It seems that the statistical procedures used in the study are specifically selected to inflate the final regression model. A coefficient of determination of 0.95 seems unrealistically high. This is especially critical because population density is the most significant independent variable in the final model. I believe population density should have been included as a control variable. Naturally, a higher population implies more cases; if this is not controlled for, the entire model risks losing its validity. Therefore, I suggest presenting an alternative model focusing only on the pollution variable (as it seems to be the primary intention of the study). What is more, it is very very strange to have a study with minimal spatial correlation (Moran’s I value of 0.17) and very high R2 values (0.95 for training and 0.75 for testing).

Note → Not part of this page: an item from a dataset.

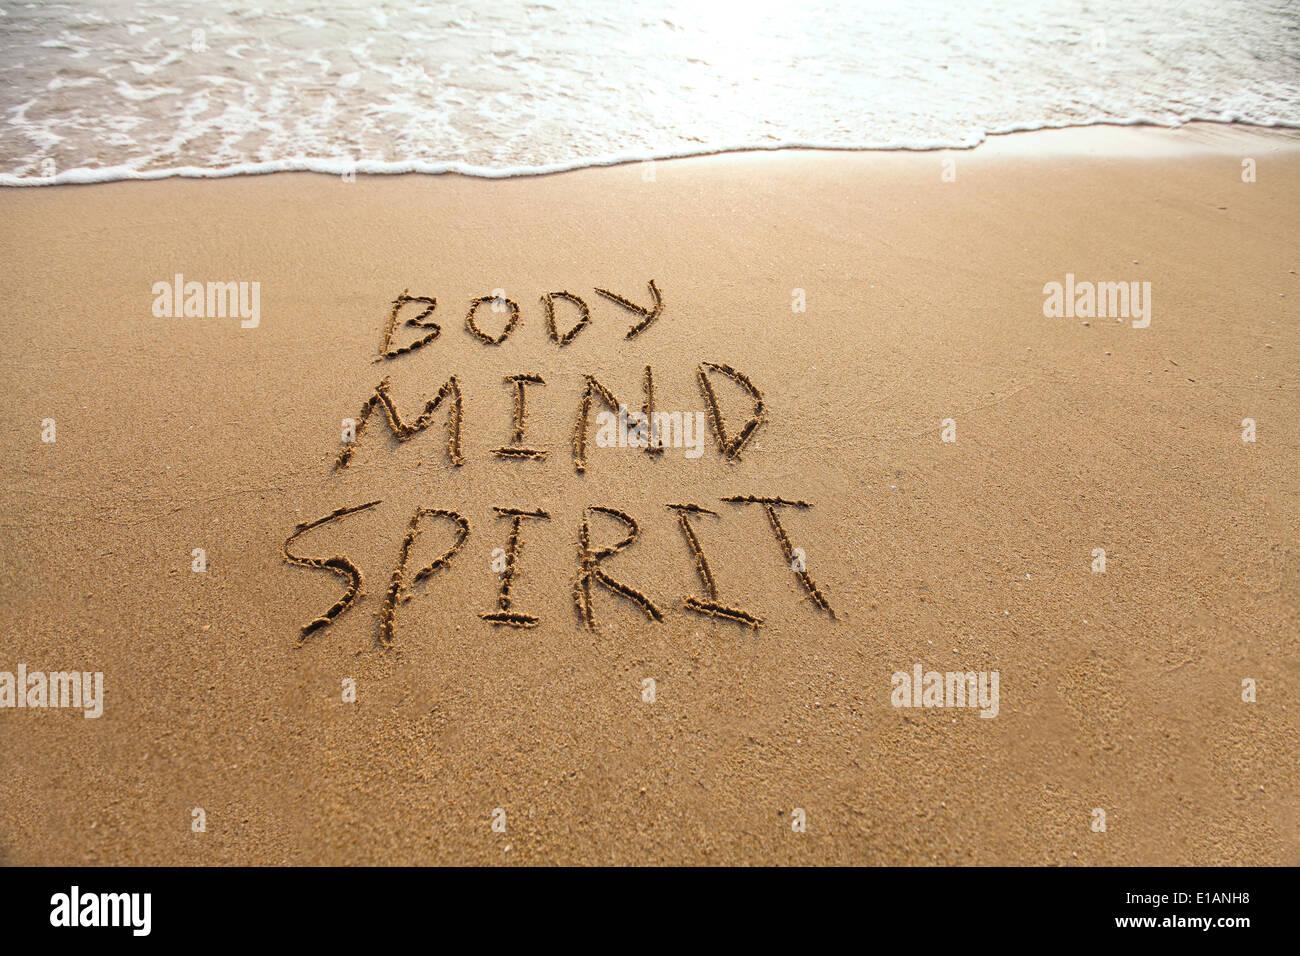 body, mind and spirit - Stock Image

I am also unsure if the NDVI formula is presented correctly. Please verify it.
Furthermore, each formula should be followed by a clear explanation of its variables.
The paper mentions that there were 1,473 cases in the dataset initially and that after removing incomplete or outlier cases, the final sample included 1,473 patients for analysis. This is puzzling. What is the point of mentioning data screening and outlier detection if the sample size remains the same? Moreover, any outlier exclusion should be explained in detail, especially since this is the study’s primary dependent variable.
It is not clear how the point data for the dependent layer was generated. The supplementary data file includes only the hospital name. Was a precise address associated with the data?
In addition, the numbers “47.5% (n=700) were female and 52.5% (n=703) were male among all cases (N=1,473)” do not seem to add up in the way they are presented. If there is missing data, it should be accounted for in the presentation.
Looking at the data, it is surprising that “V11: Normalized Difference Vegetation Index (NDVI)” shows no significance in the results, yet the discussion implies that it is significant. This discrepancy should be addressed.
The limitations of the study must also be clearly outlined.
On a minor note, when directly referring to a study in an inline citation, the author’s name should be mentioned (even within MDPI style). For instance, instead of “described by [76],” it should read “described by Hilbe [76].”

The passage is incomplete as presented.